Received: 6 January 2018 / Accepted: 24 February 2018 / Published: 27 February 2018

Abstract

:
Above ground indirect detections and random excavations that have applied the past years for buried long distance oil and gas pipelines can only identify some damaged coating locations. Hence, large number of field joint coating (FJC) failures happen unconsciously until they lead to failures of the pipelines. Based on the analysis of magnetic flux leakage (MFL) in-line inspection (ILI) signals, combined with the statistical results of 414 excavations from two different pipeline sections, a new method to identify the failed FJC is established. Though it can only identify FJC failures when there are signs of corrosion on pipe body, it is much more efficient and cost-saving. The concluded identification rule still needs more validations and improvements to be more applicable and accuracy.
Keywords:
oil and gas pipeline; field joint coating (FJC); failure; magnetic flux leakage (MFL) in-line inspection (ILI) signal

1. Introduction

Maintaining high-pressure oil and gas pipeline system safe and reliable is very important because the products transported through pipelines are hazardous, and may lead to high consequence accidents [1,2]. According to the pipeline failure investigation reports of Pipeline and Hazardous Materials Safety Administration (PHMSA), corrosion is always an important factor.

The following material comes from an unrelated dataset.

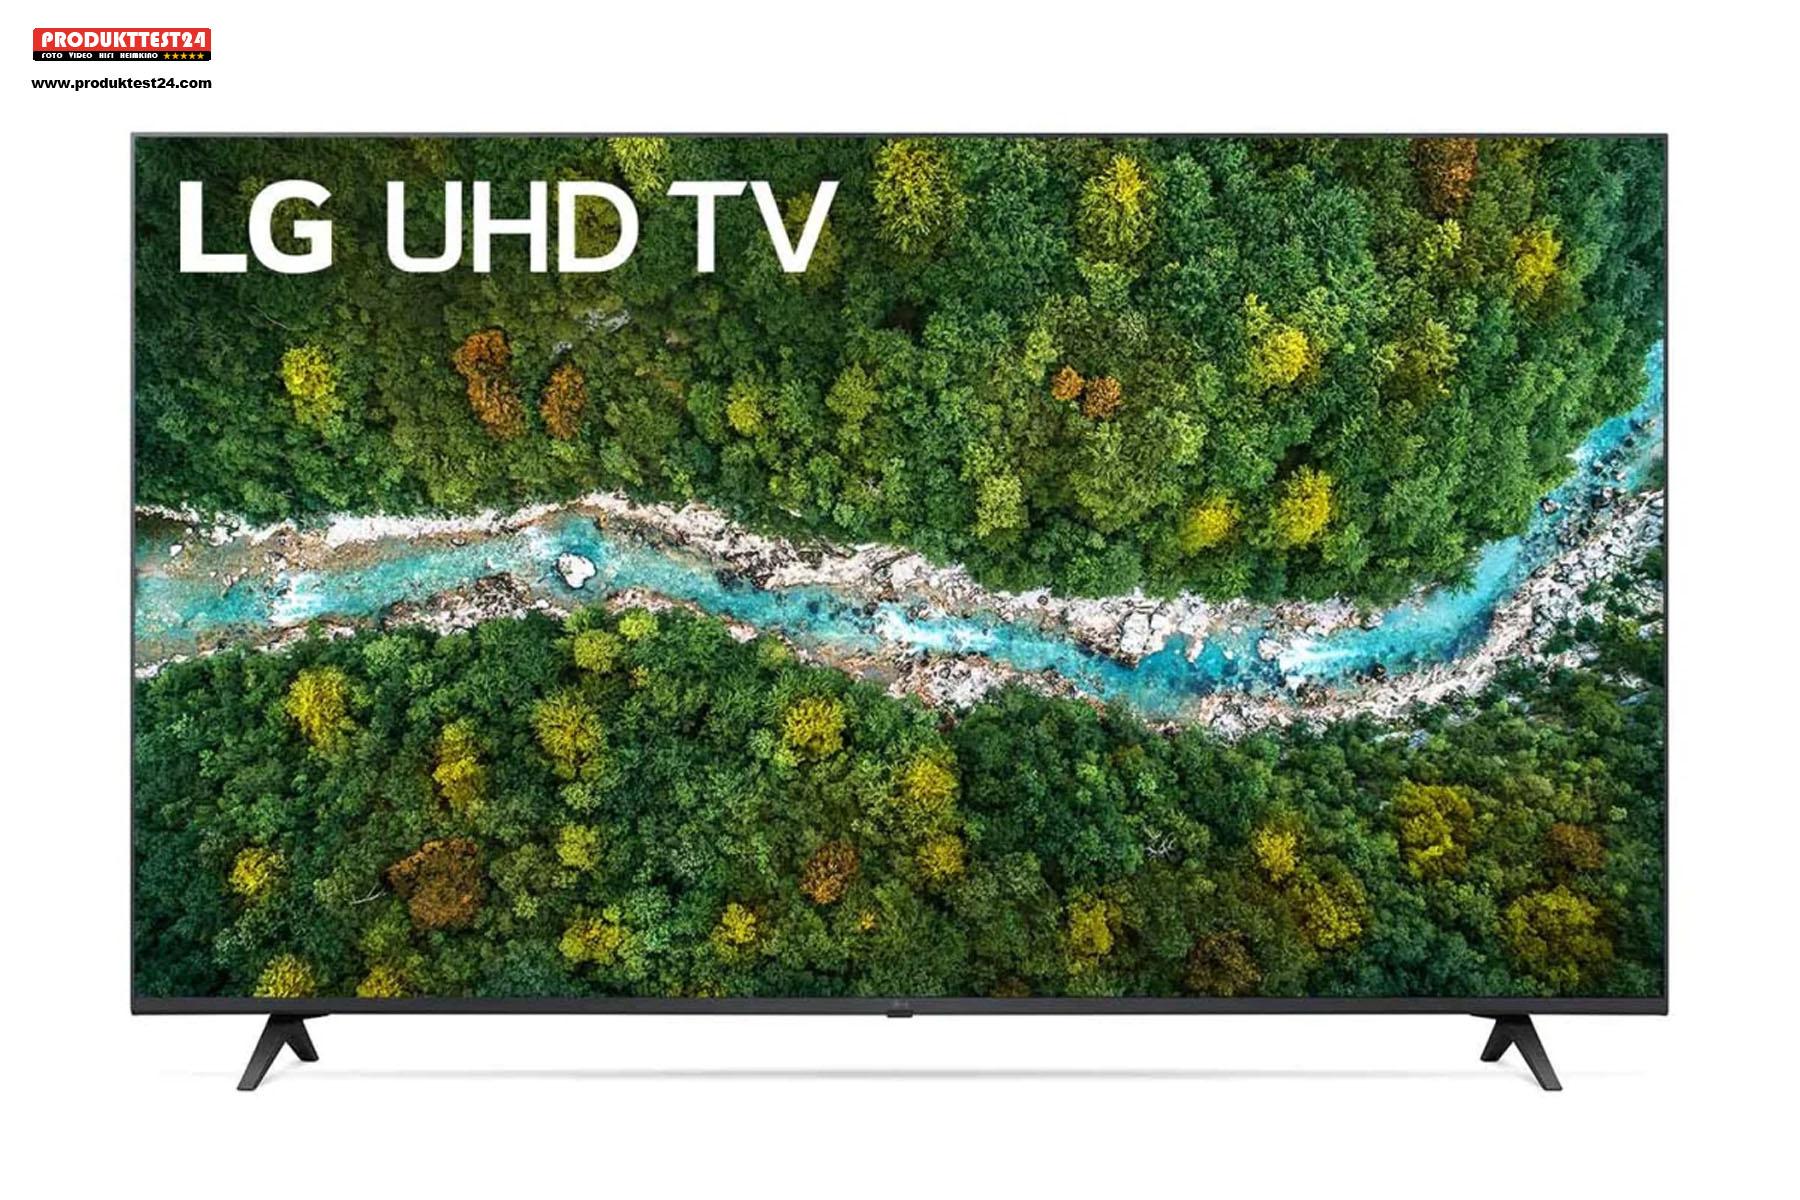 Günstiger 75 Zoll 4K-Fernseher - Der LG 75UP77009LB
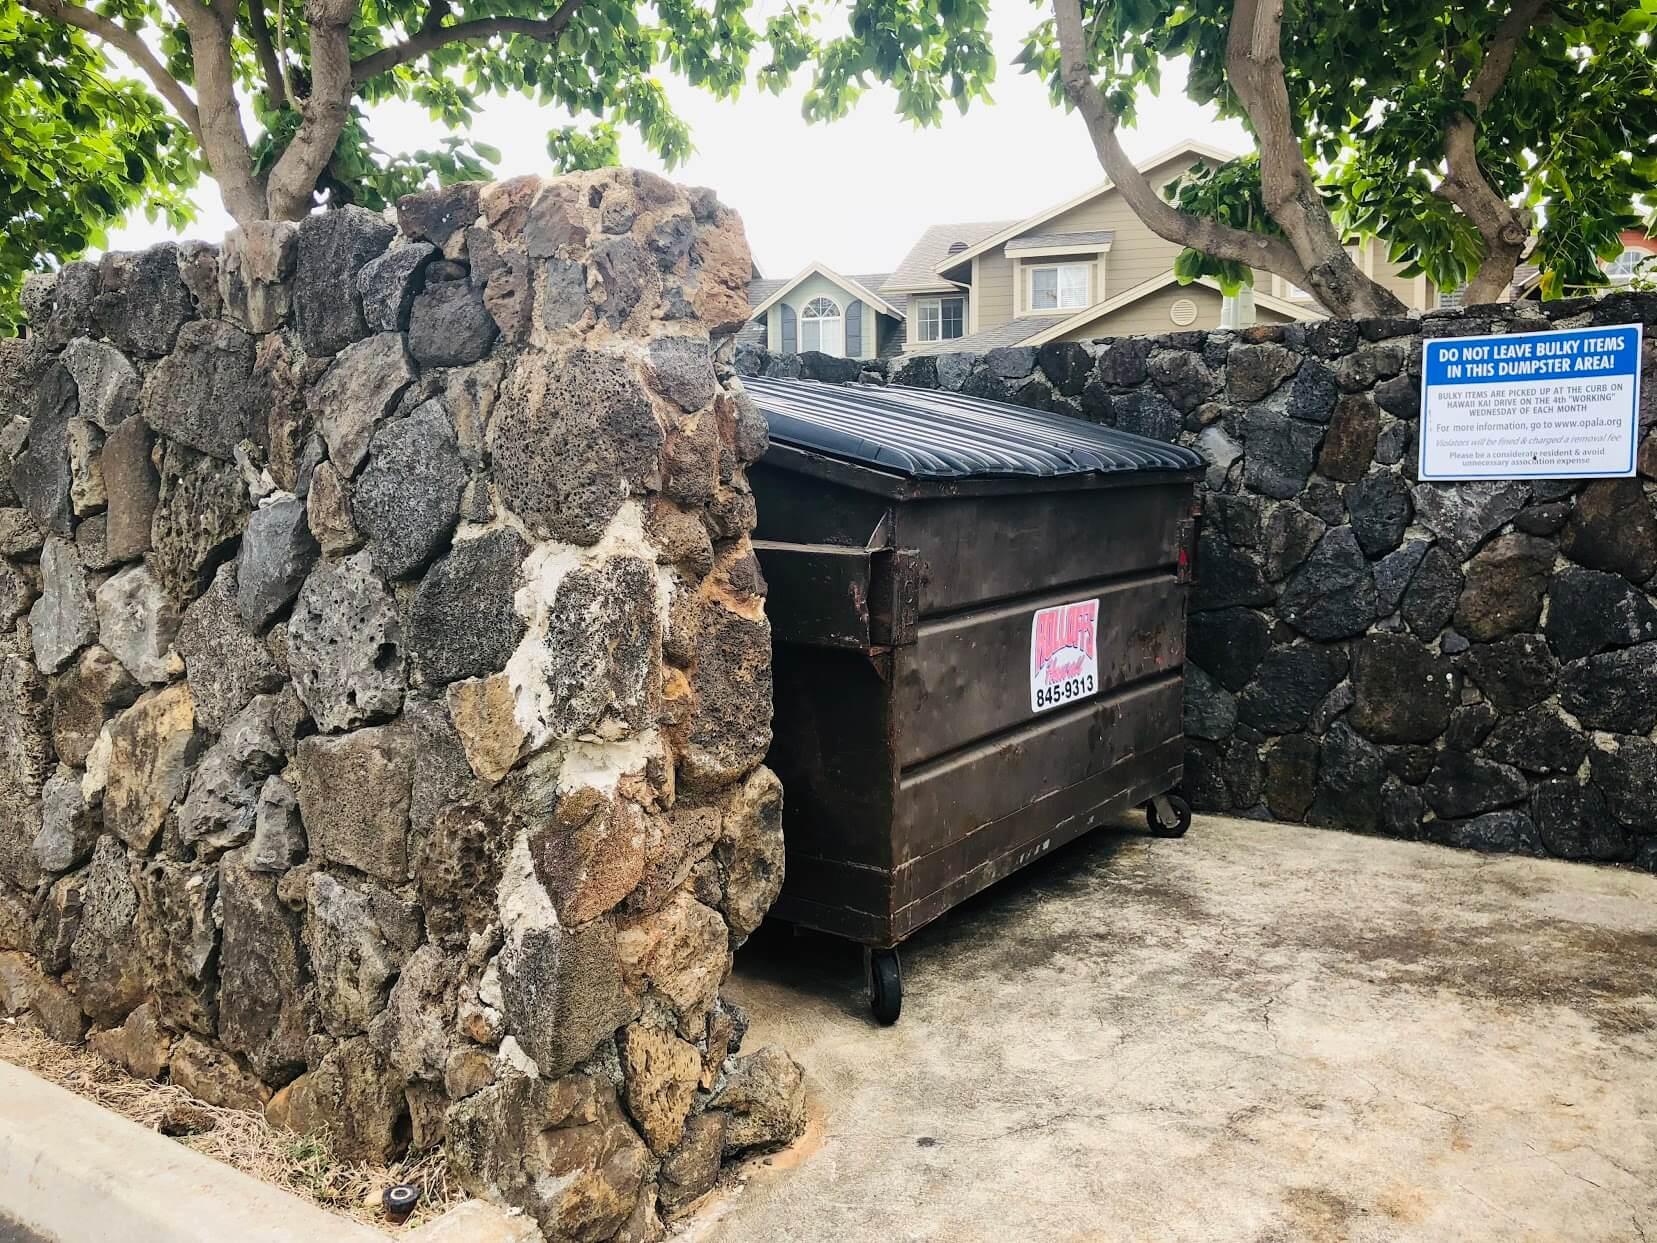 Nanea Kaiのゴミ箱

Pipeline coatings form a barrier between the corrosive substances in the soil surrounding the pipeline and the metal pipe in order to prevent the developing of external corrosions [3,4,5]. Pipe body’s coatings are applied in factory with relatively high quality; while field wrap around the girth weld should be strictly processed to ensure the pipeline integrity because of the coating joint’s weakness and field uncontrollable factors [6].
During the past years, above-ground indirect detections and selectively excavations for buried long distance oil & gas pipelines have been applied to identify the failure of field joint coating (FJC), in order to avoid the occurrence of corrosion in advance [7,8]. However, detections can only identify some damaged coating locations. For other cases, such as coatings that are debond from pipeline body with no damage, they can hardly identify, especially for FJC. The selectively excavations are also costly and inefficient. Hence, failures of FJC will happen unconsciously until they lead to failures of the pipelines (shown in Figure 1).
The causes for the corrosion failure of coatings may be ascribed to that the ground water permeated into the insulating layer to produce the enclosed corrosion environment [9]. In recent years, PetroChina Pipeline Company has found numbers of serious external corrosions due to failed FJCs. When FJC is debonded from the pipe without damages, cathodic protection is always shielded, which may cause crevice corrosion and also microbiological corrosion with rapid wall thickness thinning speed [10,11,12,13,14]. Consequently, it is important to identify external corrosion that is caused by failed FJC in advance.
Researchers try to find a direct way to detect the failures of FCJ. It is reported that with the continued development and improvements of the “Electro-Magnetic Acoustic Transducer” (EMAT) in line inspection (ILI) technology, it is possible to locate disbanded coatings, without the need of exposing the pipeline [15]. It is also reported that there is a method for in-situ detection of coating defects on a buried pipeline [16]. These works are still in research, and needs to run new tool, which will add to the costs. In this paper, based on the analysis of widely used magnetic flux leakage (MFL) ILI signals, combined with the statistical results of excavations, a new method to identify the failed FJC is established. This method can be applied during periodic MFL ILI, which is widely used all around the world by operators, so it is very convenient and efficient. As the method finds FCJ failures based on the reported defects, which shows the occurrence of corrosion, it is with high accuracy and low cost.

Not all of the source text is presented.